Ustadzah Maryanti melihat hal tersebut sebagai tantangan dan merasa bahwa itulah dakwah yang sebenarnya. Tentang menjemput orang agar mendapat hidayah melalui kita, tanpa paksaan.
“Kita adalah seorang dai sebelum kita menjadi apapun. Saya merasa seringkali Allah SWT memberi hidayah dan kemudahan dalam hidup. Contoh kecilnya adalah dari kuliah gratis, bahkan dibayar. Pengorbanannya juga luar biasa bagi wanita, kuliah tapi harus meninggalkan anak-anak di rumah. Maka bagi saya akan sangat murah ketika ilmu hanya untuk dunia. Saya niatkan mewakafkan ilmu untuk berdakwah,” ujar Ustadzah Maryanti.
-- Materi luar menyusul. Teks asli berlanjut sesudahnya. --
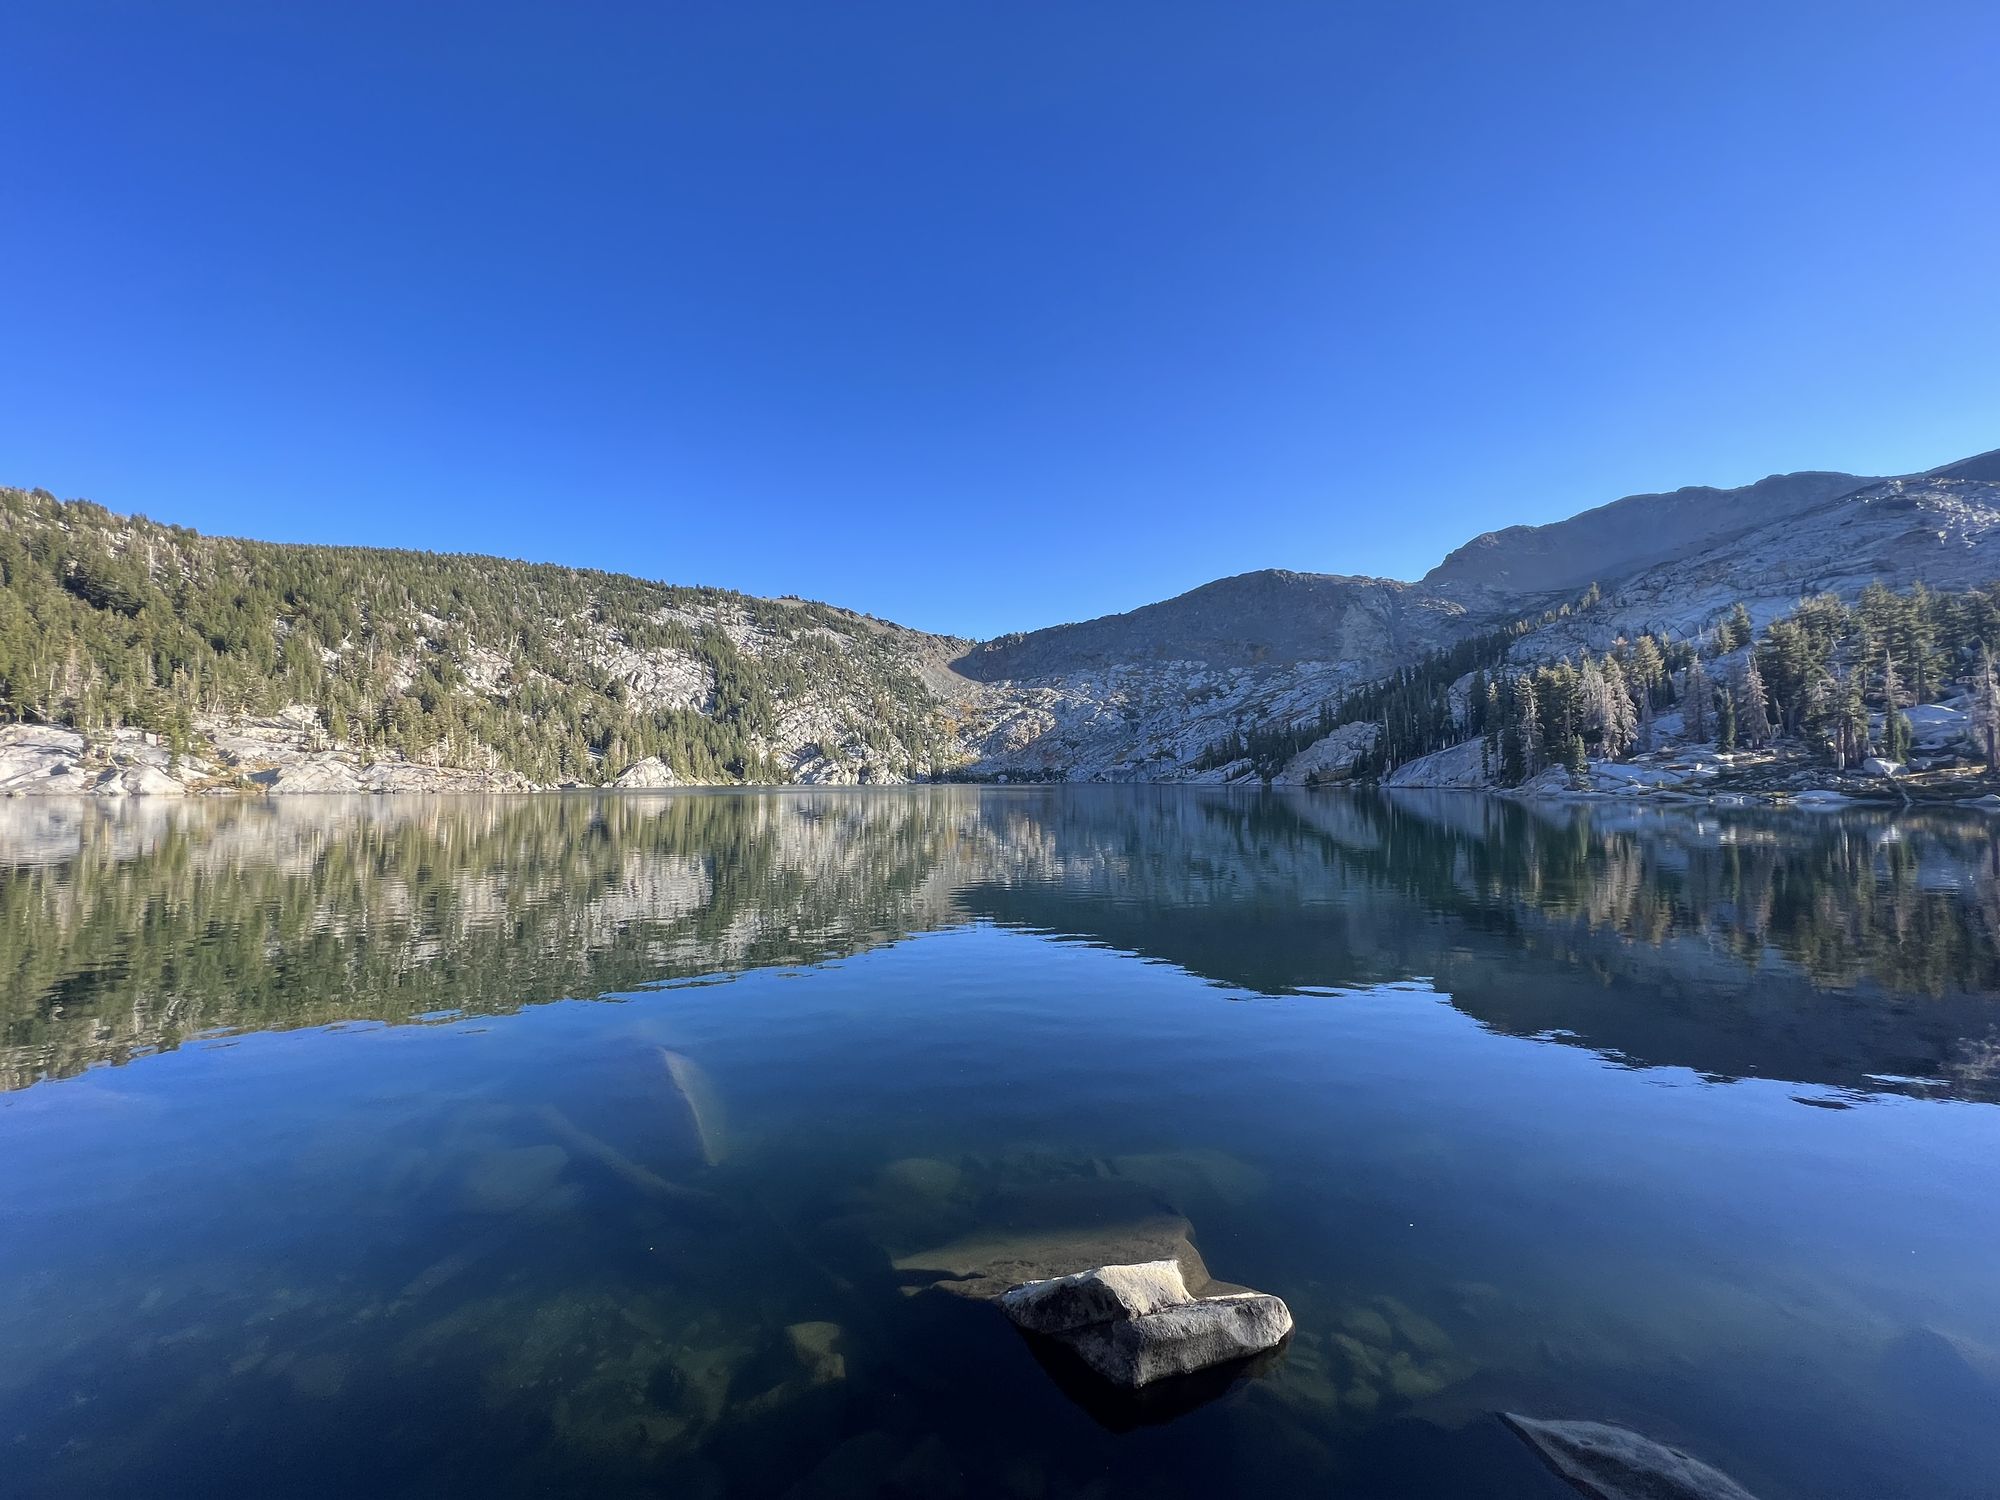 A still lake reflecting granite mountains.

Bergabung dengan Dompet Dhuafa melalui mengajukan diri untuk program dakwah Dai Ambassador. Setelah mengikuti rangkaian seleksi, Ustadzah Maryanti lolos untuk ditugaskan ke Hong Kong. Dari 29 Dai, terdapat 2 Daiyah, khusus untuk Hong Kong dan Macau. Karena permasalahannya kompleks dengan para Buruh Migran Indonesia (BMI).
“Maka dibutuhkan Daiyah untuk lebih mengayomi perempuan. Agar lebih terbuka ketika mengungkapkan masalah, berbeda jika bertanya pada ustadz. Jadi kurang tebuka jika mencurahkan masalah rumah tangga, solusi agar tetap utuh walau berjauhan, juga masalah anak,” lanjutnya.
Ia juga melihat para BMI di Hong Kong adalah wanita hebat yang luar biasa. Bahkan rela mengubah kodrat dari tulang rusuk menjadi tulang punggung. Mereka berpikir agar anak-anaknya kelak dapat sekolah yang tinggi dan memenuhi kebutuhan keluarga.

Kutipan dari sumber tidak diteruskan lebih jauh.